Putative Lhc gene and protein complements in A. acetabulum (Aa), O. tauri (Ot), M. viride (Mv), Micromonas sp. (Ms), E. gracilis (Eg), and B. natans (Bn) compared to complements in Arabidopsis and C. reinhardtii

The primary antenna for prasinophytes has long been recognized as unusual, both in sequence divergence and in pigment-binding properties (Rhiel and Mörschel, 1993). The prasinophyte-specific LHCs (named Lhcp by Six et al., 2005) bind Chl a, b, and a Chl c-like pigment in addition to several carotenoids. As expected, a number of Micromonas sp. LHCs cluster within a prasinophyte-specific Lhcp clade that is strongly supported by all methods (Fig. 2; 1.00, 100, 100). Micromonas sp. possesses several types of Lhcp genes and, while M. viride was also found to possess two Lhcp genes, they did not appear to be orthologous to any specific Lhcp sequence. It is interesting to note that M. viride, unlike Mantoniella squamata and O. tauri, has the typical green algal LHCII proteins as well as the prasinophyte-specific complex. To our knowledge, this is the first report of a green alga possessing both classes of antenna proteins. Though the prasinophyte-specific Lhcp clade is strongly supported, its relationship with the other LHCs was impossible to resolve.

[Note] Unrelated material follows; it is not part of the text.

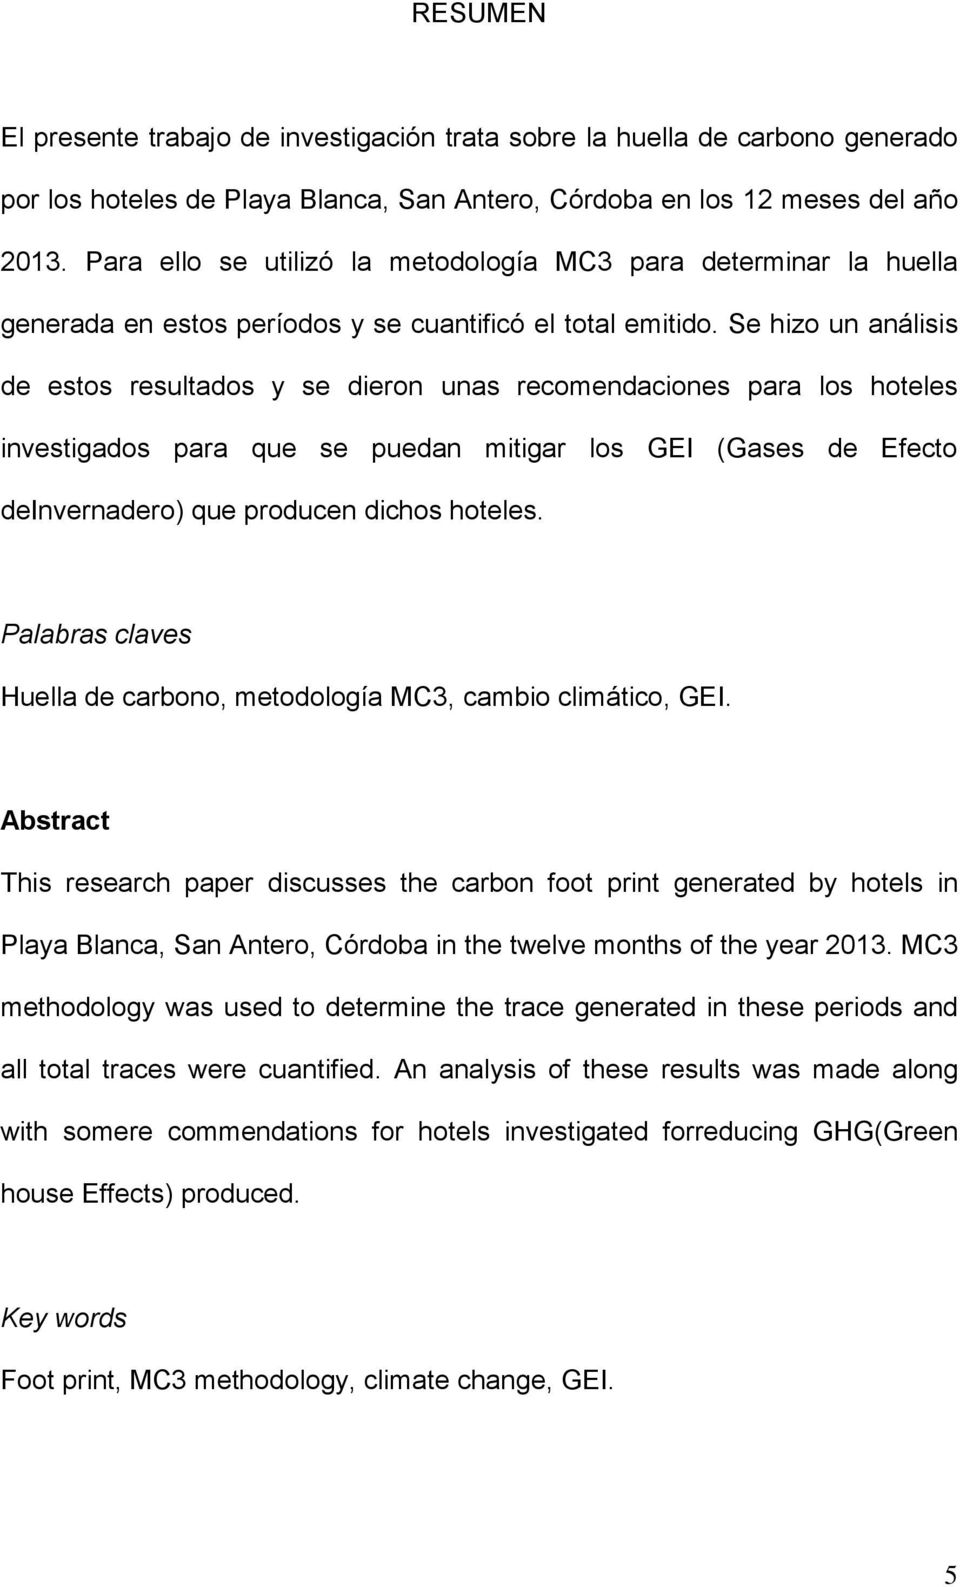 Se hizo un análisis estos resultados y se dieron unas recomendaciones para los hoteles investigados para que se puedan mitigar los GEI (Gases Efecto Invernaro) que producen dichos hoteles.
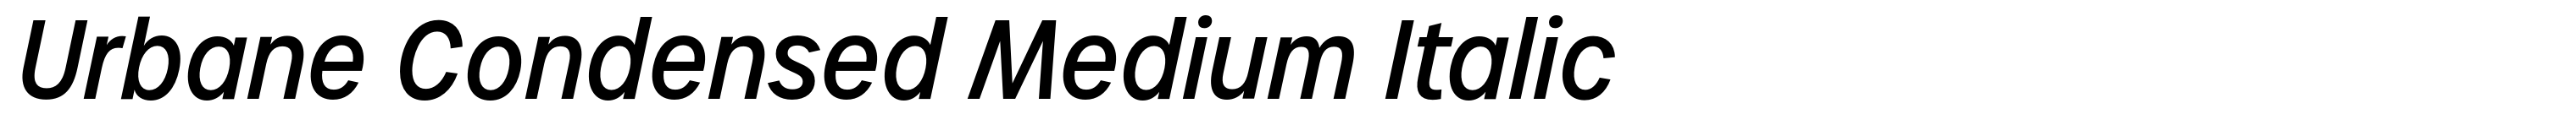 Urbane Condensed Medium Italic

Our understanding of LHCI diversity and function is defined by work in land plants, but it is clear that in green algae there is a large diversity in LHCI-like genes (Teramoto et al., 2002; Elrad and Grossman, 2004; Six et al., 2005). In this study, the only clear land plant homolog in all the green algae examined was Lhca3 (Fig. 2). This clade was strongly supported (1.00, 98, 98) and representatives from M. viride, Micromonas sp., and A. acetabulum were discovered. While a number of Lhca1-like sequences consistently group together, including the strongly supported Mamiellales-specific Lhca1 group (1.00, 91, 94), there was no support for the monophyly of this clade. We also did not detect any homologs for the plant Lhca2 and 4 genes in any of the green algae examined. Six et al. (2005) found five separate Lhca genes, of which Lhca3 grouped strongly with its land plant homolog. Our data supports this conclusion though the C. reinhardtii Lhca6 sequence in our study does not group with the Lhca3 clade as they found.

If the green algal LHCI antennae are compared, it is clear that there are orthologs for the C. reinhardtii Lhca2 and Lhca9 genes in the green algae examined (Fig. 2). It also appears that Lhca2 and Lhca9 are close paralogs as they form a strongly supported group in all three analyses (1.00, 88, 97). Due to the high sequence identity between these paralogs, the separation between Lhca2 and Lhca9 is moderately supported (Fig. 2). We also found an Lhca2 sequence in the O. tauri genome (http://bioinformatics.psb.ugent.be/blast/public/?project=ostreococcus) not previously reported by Six et al. (2005), which grouped with the Micromonas sp. Lhca2 sequence with strong support (1.00, 100, 98). In terms of nomenclature this poses a problem as there is already an O. tauri sequence named Lhca2, which we have renamed Lhca6. We found that it is more related to the Micromonas sp. O. tauri Lhca4 sequences, which is likely part of a Mamiellales-specific LHCI clade. As more Lhc sequences become available, the nomenclature will have to be amended so that the names reflect the shared orthologs in all green algae.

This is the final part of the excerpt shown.